Culture, Travel & Sport

In search of Romania, one of Europe’s most misunderstood countries

One of the world’s leading authorities on Romania has written a memoir. It is a deeply personal, often hilarious look back at an eventful career, as well as a love letter to a much misunderstood country.

By some distance the most fascinating chapter of Dennis Deletant’s Ceausescu and the Securitate – an otherwise academic (if highly readable) examination of how Romania’s secret police kept a country of 23 million people under such tight control – was dedicated to his own, personal struggle in the 1970s to procure an exit visa for Andrea, his Romanian wife.  



All too brief the episode reads like a bizarre comedy of manners, as one seemingly arbitrary obstacle after another is placed in Mrs Deletant’s way. At one stage an official even demands proof that she has returned a pair of borrowed plimsolls to her university gymnasium before allowing her to proceed with the exit visa application. 

A frequent visitor to Romania from the mid-1960s, those of us fortunate enough to have studied under Deletant (in my case at the University of London’s School of Slavonic and East European Studies) have long known that the now retired professor of Romanian studies was a wealth of such stories, offering a unique perspective of what daily life was really like in communist Romania.  

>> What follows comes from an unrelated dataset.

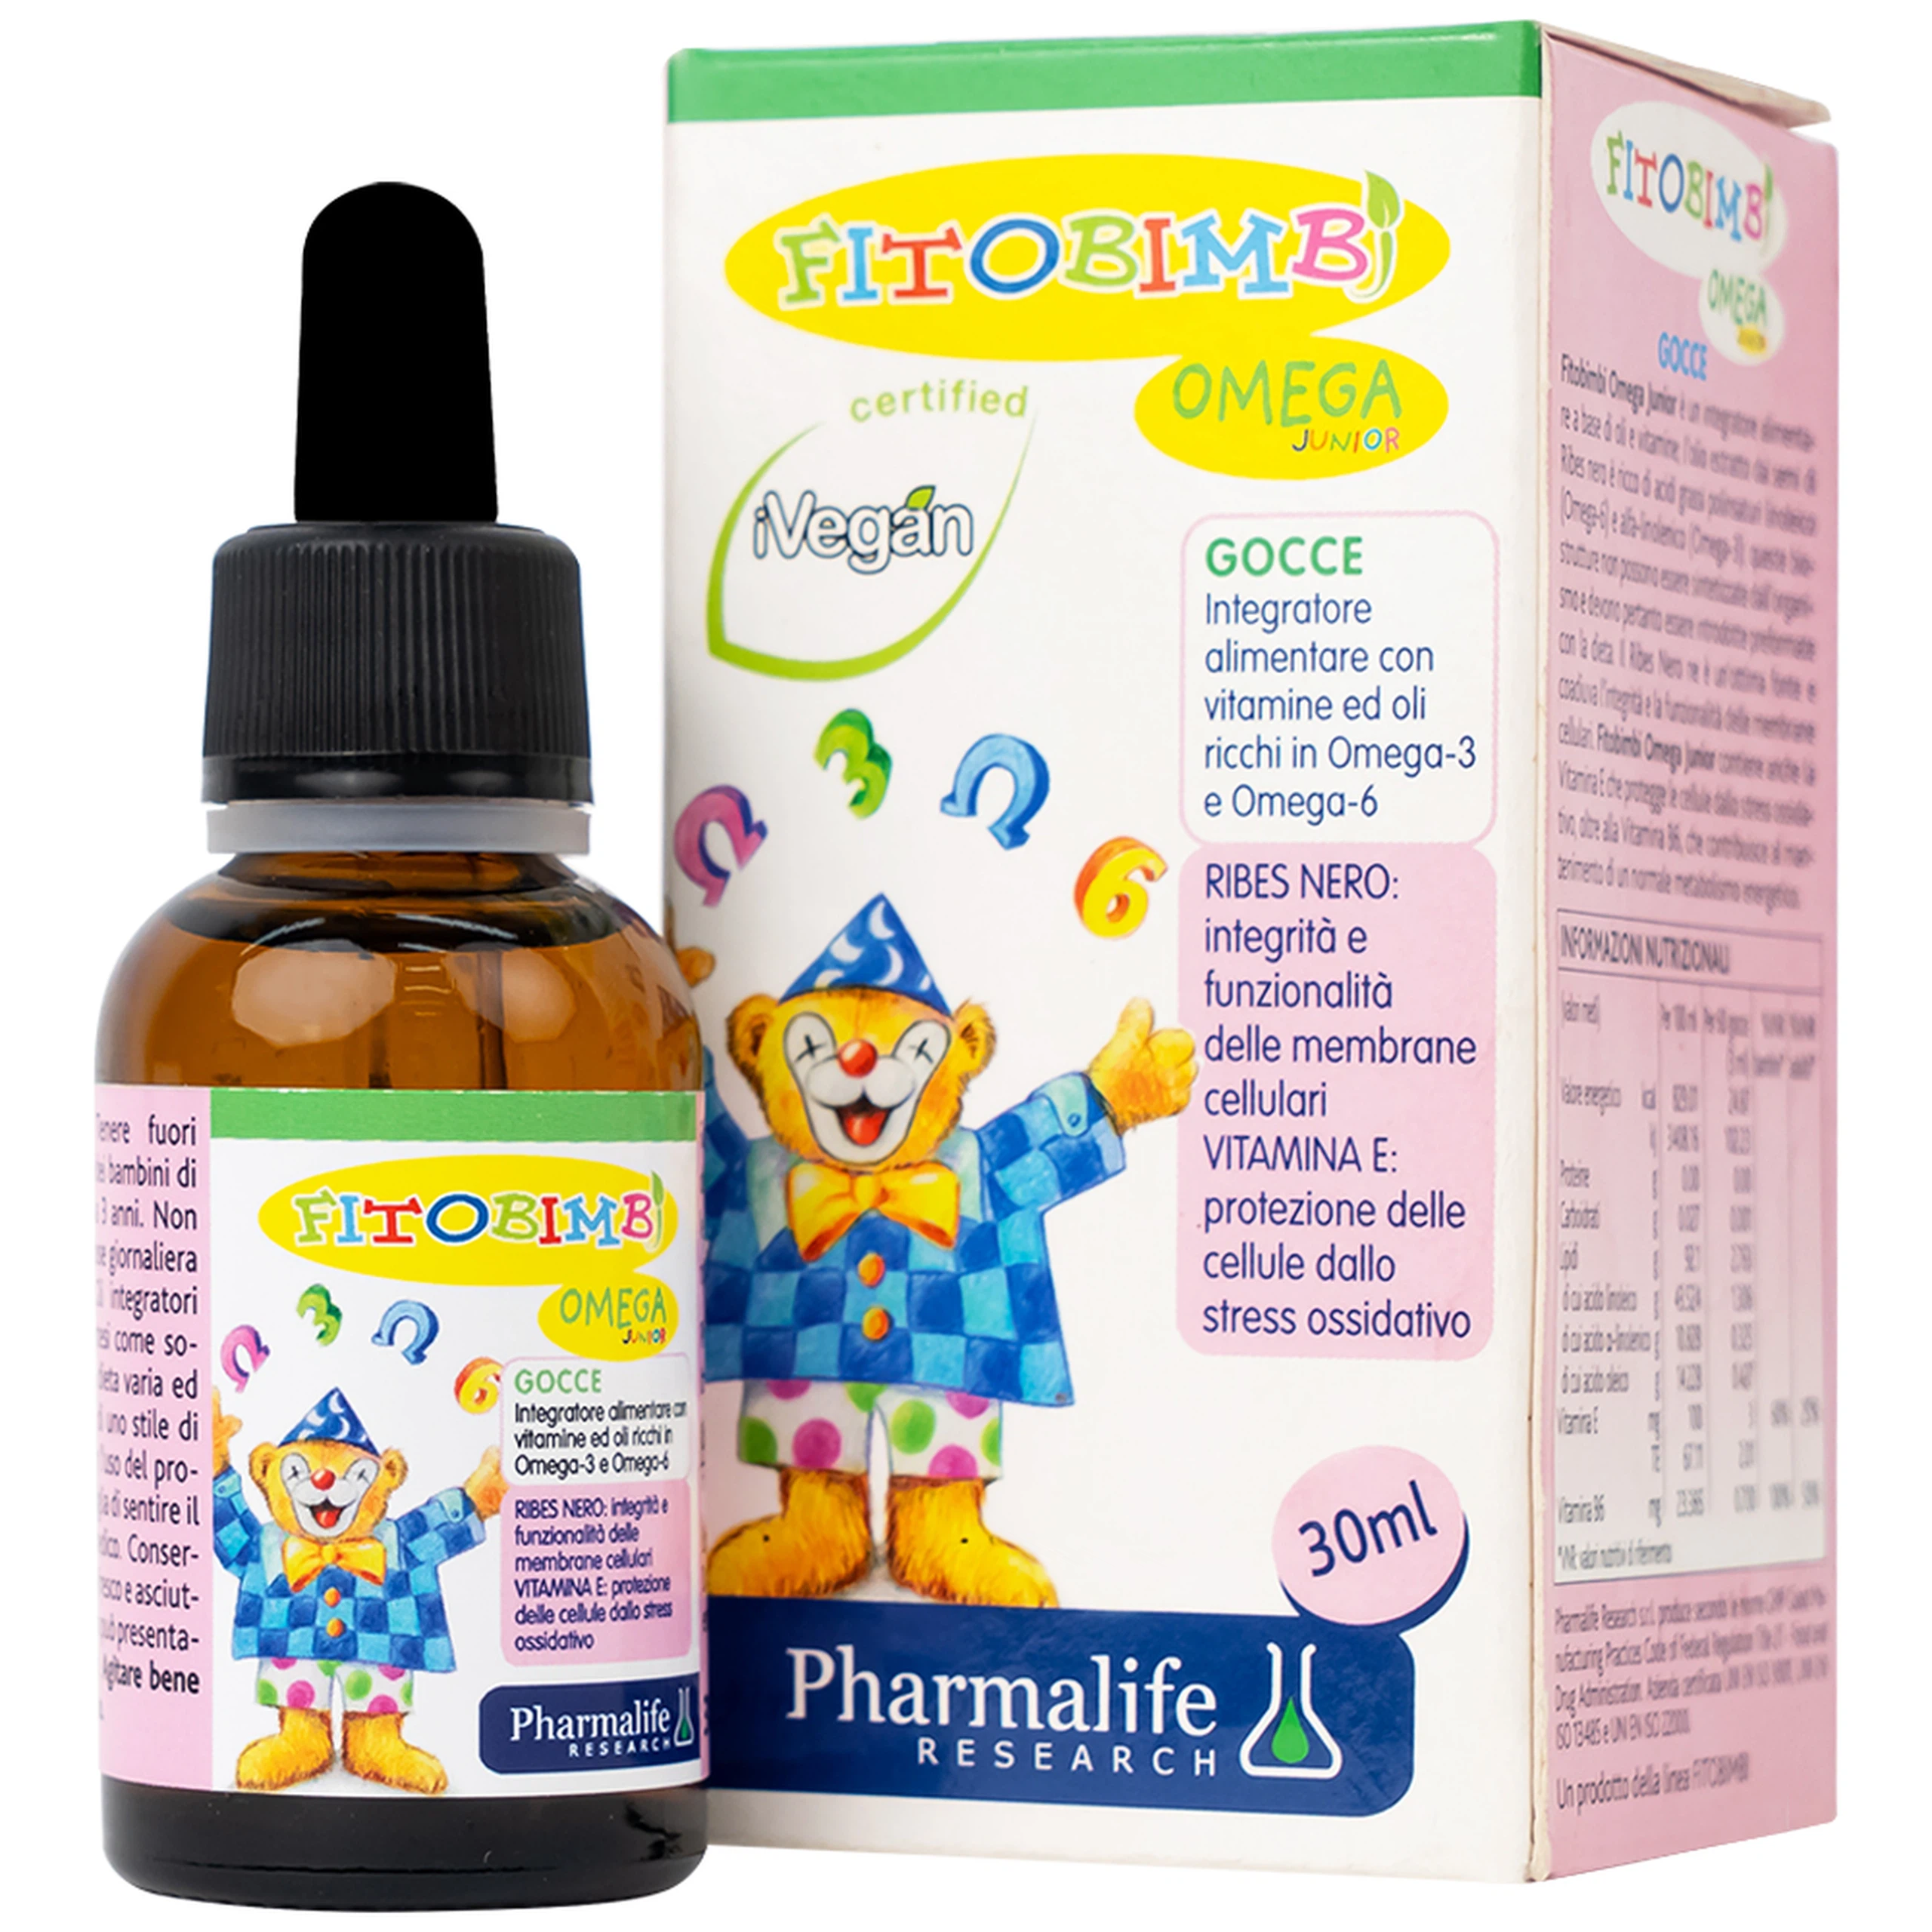 Siro Fitobimbi Omega Junior Gocce Pharmalife bổ sung acid béo không no Omega-3, Omega-6 (30ml)

Lectures on post-World War II Romanian novels would be regularly punctured with tidbits about encounters with dissident poets in university bars, or randomly bumping into a well-known author on a steam train.  

There were others about the phone calls his father-in-law would receive from the Securitate, and of how he once momentarily considered applying for Romanian citizenship. “You want to join the madhouse?”, he was told by an official at the visa office. 

The Virgin Mary

But except for the story of Andrea Deletant’s exit visa in Ceausescu and the Securitate, published in 1995, none of these vignettes had alas ever been committed to print. Thankfully, In Search of Romania, Deletant’s latest book, published last month, rights that wrong. 

They’re all here, and more besides: tales of transporting a Virgin Mary statue across Romania in the back of a van; of sharing a car with Richard Nixon’s security detail on the then US president’s 1969 visit to Bucharest; recommending that Elena Ceaușescu not be awarded an honorary degree by the University of London; his piercing, critical, pseudonymous reportage from Romania published in the UK press; being declared persona non grata less than a year before Elena and her husband Nicolae were shot on Christmas Day 1989. 

There are also potted, poignant biographies of some key Romanian dissidents of the Ceaușescu era, including Corneliu Coposu and Doina Cornea, and Deletant’s dealings with them.

He also shares the history of his wife’s family: both Andrea Deletant’s father and grandfather were imprisoned during the 1950s. In both cases this was without formal charge: merely having been successful before the communist takeover of Romania was enough to warrant a prison sentence in those days. 

The Awkward Squad

Professor Deletant also takes us through his own Securitate file, which runs to many volumes, and which he was finally allowed to view only in 1995. That several Securitate agents were often assigned to tail him during his visits to Romania is evidence of how dangerous a threat the Ceaușescu regime viewed him. 

And not without reason. What becomes abundantly clear from reading In Search of Romania is that Deletant was a key member of what was once dubbed (by journalist John Sweeney, if memory serves) “The Awkward Squad”: a group of international academics, journalists and human rights activists who did so much to bring the suffering of the Romanian people during the 1980s to the world’s attention, slowly but steadily eroding any remaining political capital Ceaușescu held in the West. 

What makes Deletant’s perspective of Romania unique is that he is at once both an insider (a professor of Romanian studies, a gifted Romanian speaker, married to a Romanian) and outsider (a foreigner).  

He admits as much, writing, “as a British citizen…the worst I could suffer for any offence taken by the regime was eventual expulsion from the country. It gave me a freedom of behaviour that was denied to Romanians.” 

Many others benefited from the same privileged status, but few used it to such good effect.  

I’ve been waiting 25 years for Deletant, an inspiring teacher who imbued in me a love of Romania, its people and its language, to write his memoirs, and this volume doesn’t disappoint. Other foreigners have written good memoirs about Romania, far more have written bad ones. This is the best of the lot.


In Search of Romania by Dennis Deletant is published by Hurst.